Patrick Mignard
Le drame du 4 juillet 2014 à l’école maternelle Édouard Herriot
d’Albi, passera dans quelques jours pour un fait divers, une fois
l’émotion passée et épuisé le concert indécent des politiciens.
Pourquoi ? Parce que c’est ainsi que se déroule la vie dans notre
société, les médias et les « autorités » passeront à autre chose… Il ne
subsistera que quelques commentaires lapidaires qui surnageront dans la
médiocrité ambiante d’une société en décomposition. Ce n’est pas le
premier drame de ce genre,… et ce ne sera pas le dernier. Drame de la
démence ! Possible, mais qui frappe encore une fois l’École, une École
qui devient le réceptacle de toutes les violences sociales.
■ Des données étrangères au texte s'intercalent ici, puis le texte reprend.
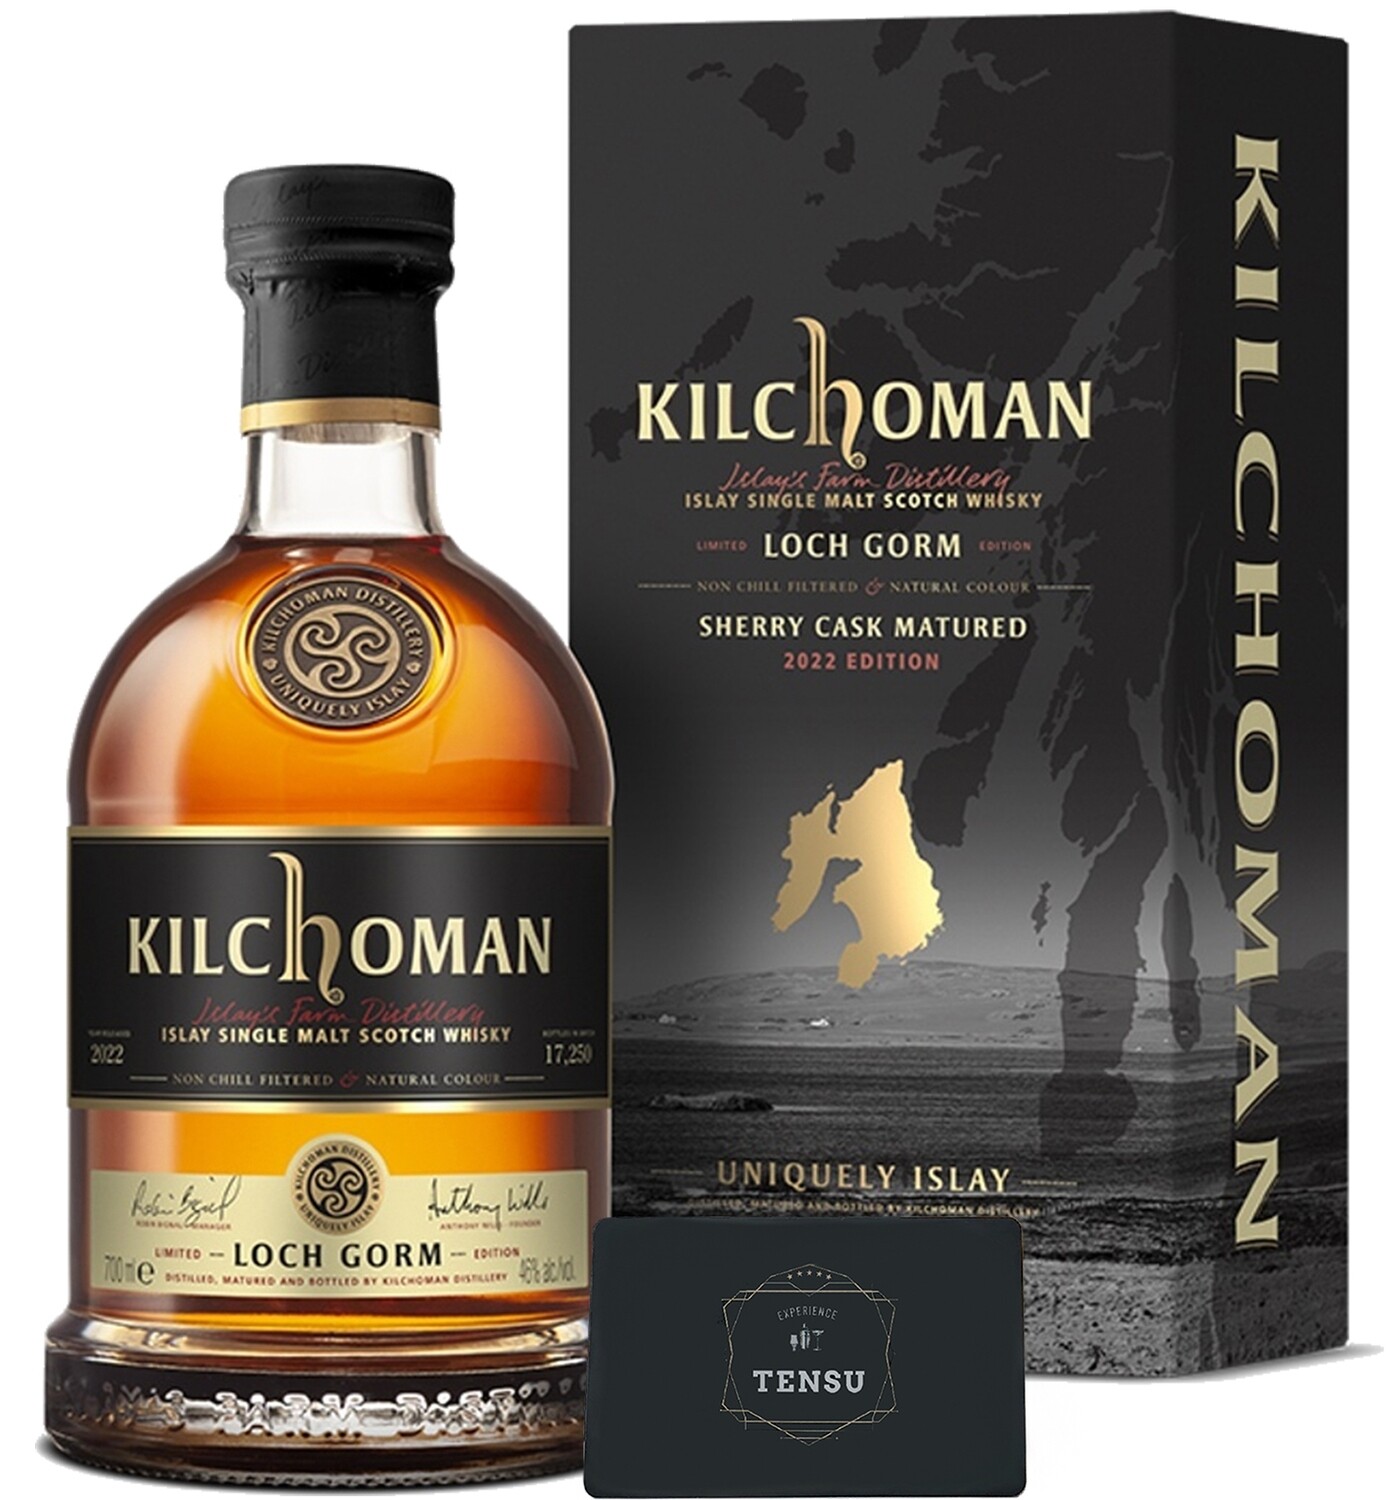 Kilchoman Loch Gorm "2022 Edition" 46.0 OB

Pourquoi une telle violence à l’égard des enseignants ? Pourquoi deux
fois plus d’insultes et d’agressions à leur égard, comparé aux autres
professions ? Pourquoi cette profession, autrefois admirée, est-elle
aujourd’hui désertée par les jeunes ?
L’enseignant est désormais dans une position impossible. Dans un
monde où l’individualisme a laminé les solidarités, où la course au
profit est la règle absolue, où l’Homme est sacrifié sur l’autel de la
rentabilité, où la médiocrité s’étale dans les médias et dans la
politique, où le mensonge et la corruption rongent ce qui devrait servir
d’exemple, l’enseignant est sommé d’inculquer à des jeunes des valeurs
qui ne sont plus que des ombres aux frontons des établissements
officiels. Pire, ils sont tenus pour responsables de la faillite de la
société en matière d’intégration. Les enseignants sont
« responsables » du futur des jeunes qui doivent entrer dans une société
dans laquelle la plupart n’ont pas leur place : exclusion, chômage.
Directement en contact avec ce qu’il y a de plus sacré pour des
parents, leurs enfants, les enseignants sont porteurs de toutes les
déceptions en matière d’éducation. A défaut de remettre en question
cette société qui exploite et exclut, il est de bon ton de « faire
porter le chapeau » aux enseignants…S’attaquer aux enseignants plutôt
qu’à la société c’est comme s’attaquer aux pauvres plutôt qu’à la
pauvreté.
Traînés dans la boue aux yeux de tous, par les politiciens et leur
démagogie populiste, les enseignants sont de parfaits boucs émissaires
(trop de vacances, trop payés, pas assez d’heures de travail, stabilité
de l’emploi, toujours en grève, tous contestataires, trop de gauche,
trop sévères, ou pas assez,…). Ils ne jettent des fleurs aux enseignants
que le jour de leur enterrement. Tous ces faux-culs de notre société
paradent alors devant les caméras, la larme à l’œil, pour louer celles
et ceux qu’ils ignorent, ou agressent, le reste du temps. L’École est
devenue le défouloir de toutes les frustrations, les révoltes, les
jalousies, … et même les actes démentiels… Il y a une certaine logique
sociale dans l’expression de la folie.
Sanctuariser l’Ecole ? Certainement pas. Des politiciens médiocres et
incompétents (des noms ?) le souhaitent, en particulier, comme par
hasard, ceux qui sont responsables de son état pitoyable. L’Ecole n’est
pas une « réserve » qui doit être protégée,… au contraire, elle est la vie et doit être ouverte sur la vie. C’est la vie en société qui devient insupportable... l’Ecole ne fait que refléter cet état.
Refermer l’Ecole sur elle-même, c’est la tuer et reconnaître par ce
fait que son environnement, la Société, est en pleine décadence.